The crucial geometric truth to note is that:

$CJ = CG, AG = AF, BF = BJ$

This follows from the fact that:

$\triangle CEJ \cong \triangle CEG$, $\triangle AEF \cong \triangle AEG$ and $\triangle BEF \cong \triangle BEJ$

This is a direct consequence of the point $E$ being the center of the incircle of $\triangle ABC$.
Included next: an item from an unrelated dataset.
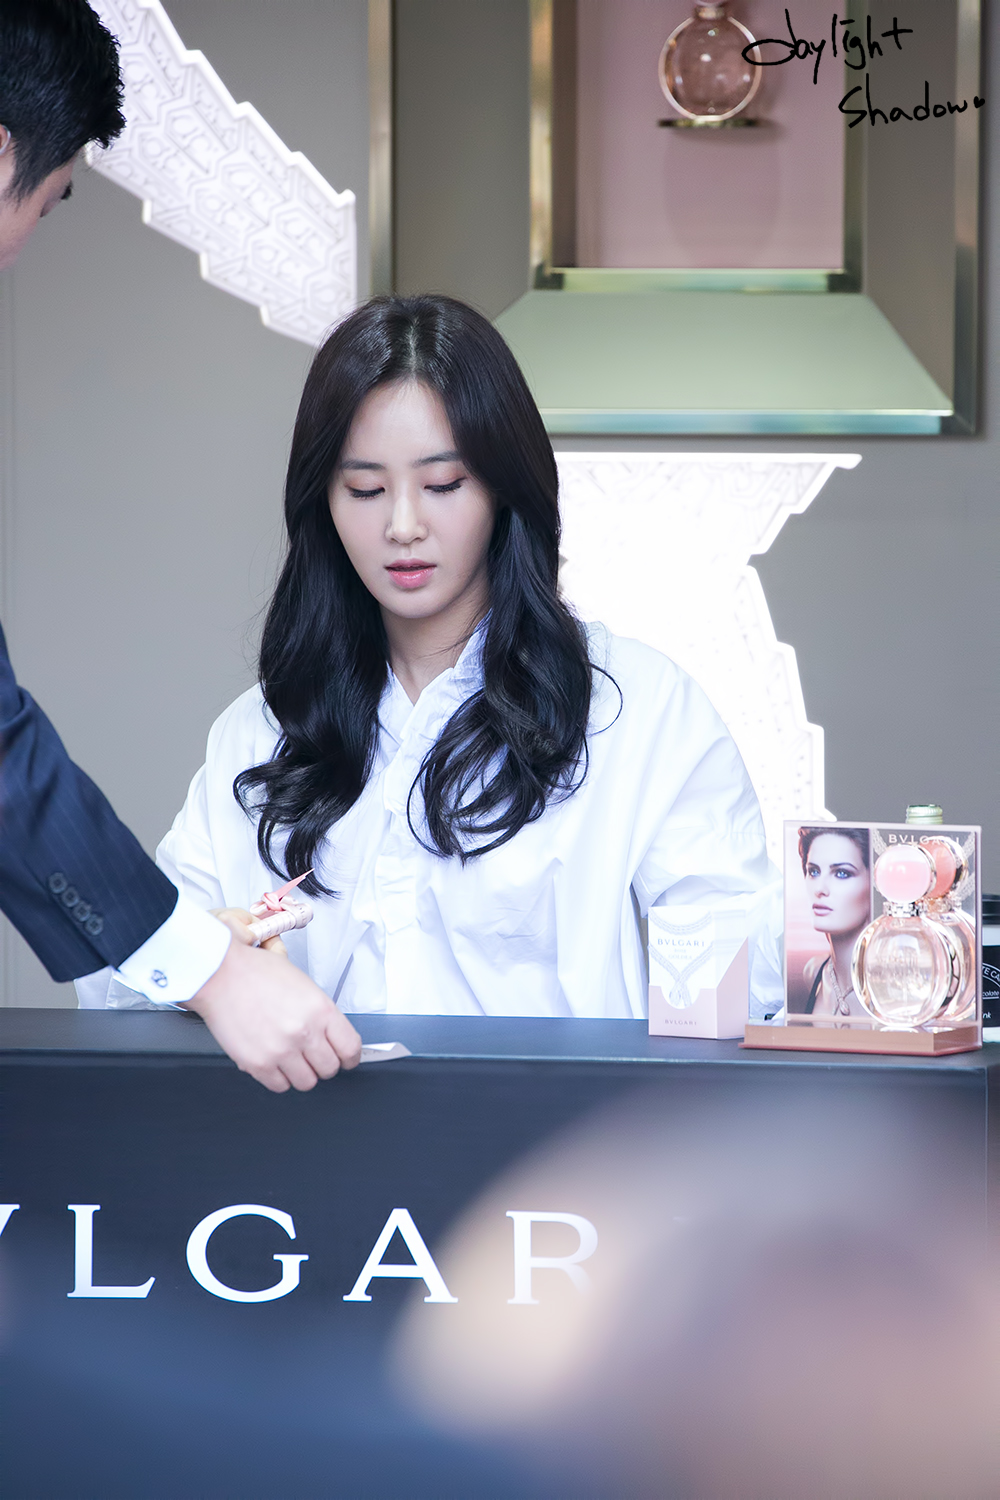 [PIC][09-10-2016]Yuri tham dự buổi Fansign thứ 2 cho thương hiệu nước hoa "BVLGARI Rose Goldea" tại Myeongdong Lotte Duty Free vào chiều nay - Page 4 27628D35587114D11E5F9C

Then it is just a matter of algebra.

Let $AF = a, FB = b, CJ = c$.

 $\displaystyle \paren {a + b}^2 + \paren {b + c}^2$ $=$ $\displaystyle \paren {a + c}^2$ Pythagoras's Theorem $\displaystyle \leadsto \ \$ $\displaystyle a^2 + 2 a b + b^2 + b^2 + 2 b c + c^2$ $=$ $\displaystyle a^2 + 2 a c + c^2$ $\displaystyle \leadsto \ \$ $\displaystyle a b + b^2 + b c$ $=$ $\displaystyle a c$ $\displaystyle \leadsto \ \$ $\displaystyle a b + b^2 + b c + a c$ $=$ $\displaystyle 2 a c$ $\displaystyle \leadsto \ \$ $\displaystyle \paren {a + b} \paren {b + c}$ $=$ $\displaystyle 2 a c$

$\blacksquare$

## Source of Name

This entry was named for Matt Westwood.